Wide-Column Databases

2021-06-07 Dan D. Kimsystem design

What is a wide-column datastore?

Formal definition

A wide-column store (or extensible record stores) is a type of NoSQL database. It uses tables, rows, and columns, but unlike a relational database, the names and format of the columns can vary from row to row in the same table. A wide-column store can be interpreted as a two-dimensional key–value store.

Source: Wikipedia

Casual definition

I love starting simple and gradually easing into the details. Here is an explanation from Szymon Warda that I really like.

Here is how data is represented in a key-value database:

Here is the same idea in a wide-column database:

We can look at wide-column stores as a 2-dimensional key-value store, where the first key is used as a row identifier and the second is used as a column identifier.

Key-value store	Wide-column store
key = rowID, value = data	key = (rowID, columnID), value = data

That was my ELI5 of what a wide-column database is. Now let’s see more closely at the data model.

Data model

They say a picture is a 1000 words. Here are my 1000 words. It shows the smallest components and how they build up to the full row-based data structure.

Multiple rows will look something like this:

Image credit: Akshay Pore

Data is stored in column cells, which gets grouped into column families. A group of families is linked to a row key. Each column family typically contains columns that are used together, so the columns are stored as a contiguous block on disk, enhancing performance.

You could see that a wide-column store is like a mix between a relational database and a document store. It still uses rows and columns like that of a relational database. And the column formats can be different for each row in the same table. This combines the regimented tabular structure of the relational model and the flexible data schema of the document model.

Motivation

Why did we come up with wide-column databases? As in, why couldn’t we just stick with key-value and relational databases?

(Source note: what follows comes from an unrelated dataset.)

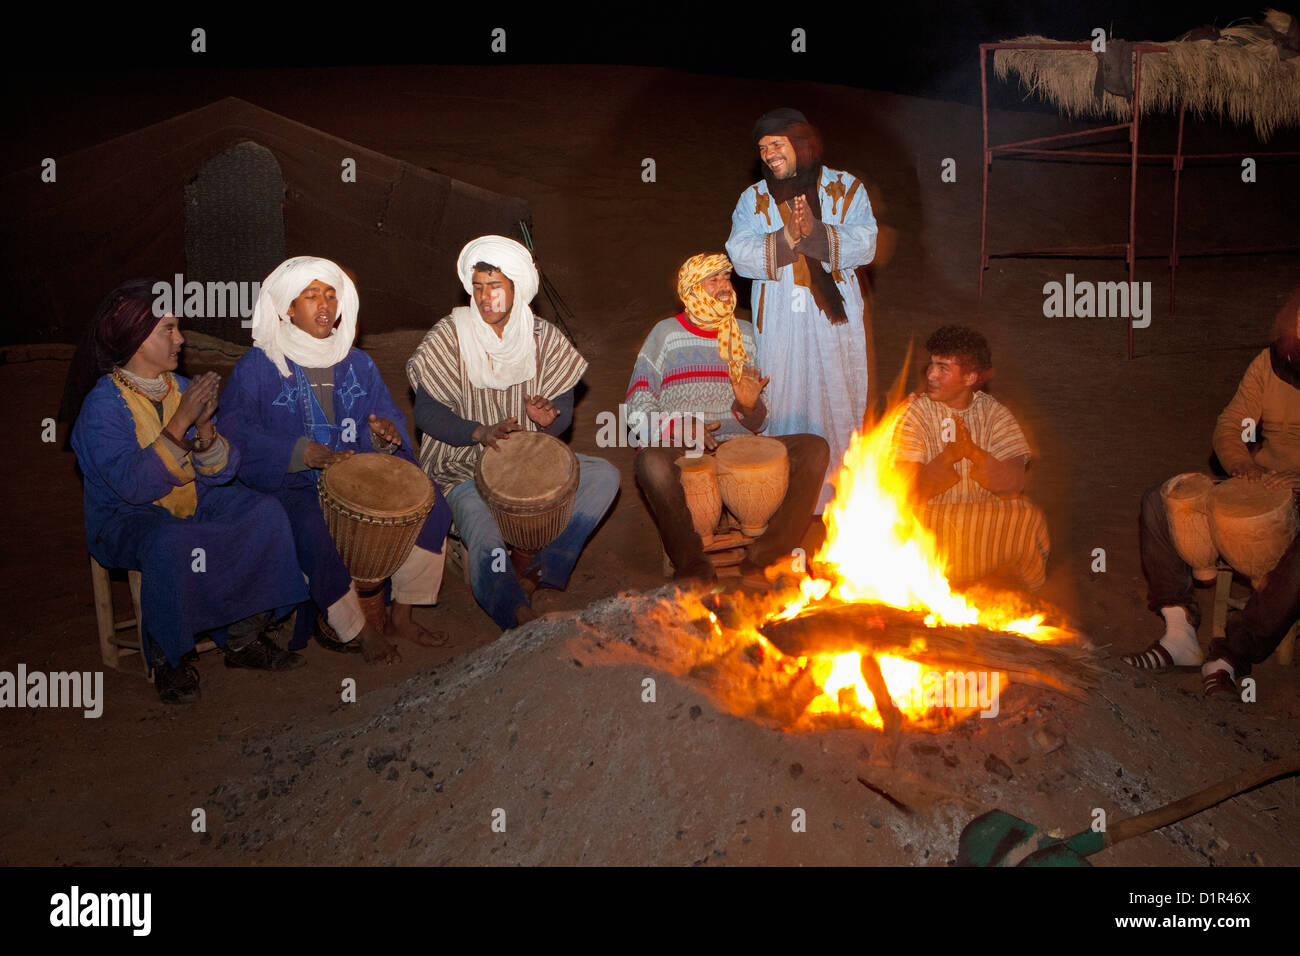 Morocco, M'Hamid, Erg Chigaga. Sahara desert. Tourist camp, bivouac. Local Berber people making music around fireplace. Stock Photo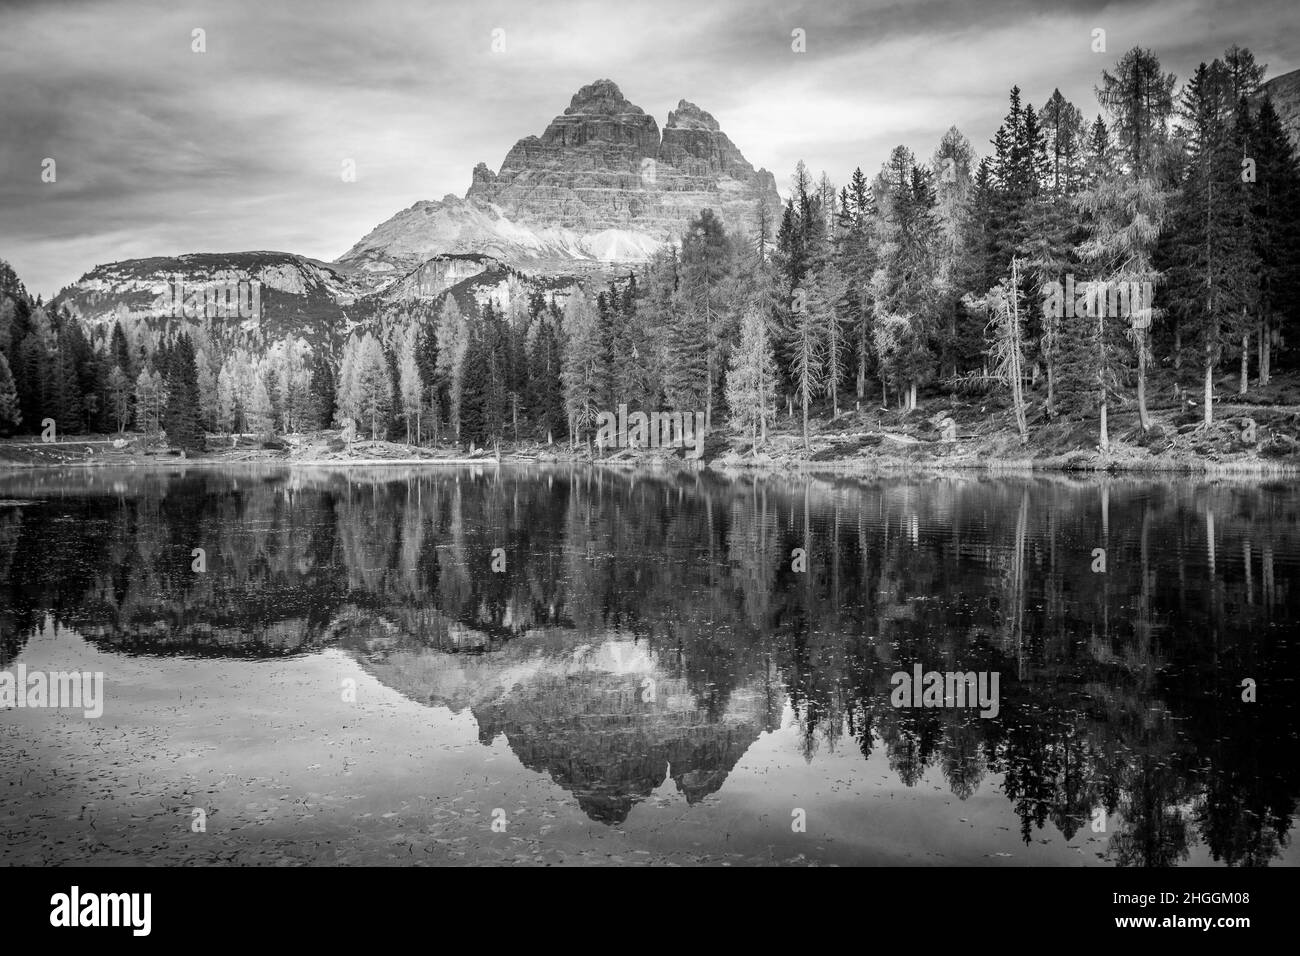 Reflection of larches and dolomitic peaks lake. Monochrome effect photo Stock Photo

Back in the ages, we had the following pain points:

relational model lacked flexibility due to its schema and structure, resulting in a lack of data compression.
key-value store had a lack of structure that prevented partial write queries i.e. update column value, add column.
key-value stores also cannot filter data by value

Wide-column databases have been in development for a while. But so have other databases, and now the distinctive pain points have changed.

Today, a lot of the pain points mentioned above are… debatable

relational model still lacks flexibility but data compression warrants a whole other discussion.
tools like Redis offer key-value stores with structure and partial updates. Is it performant though? Is it good enough for a petabyte-and-beyond scale?
tools like Redis offer filtering by value using secondary indexes. Is it great? Maybe, maybe not.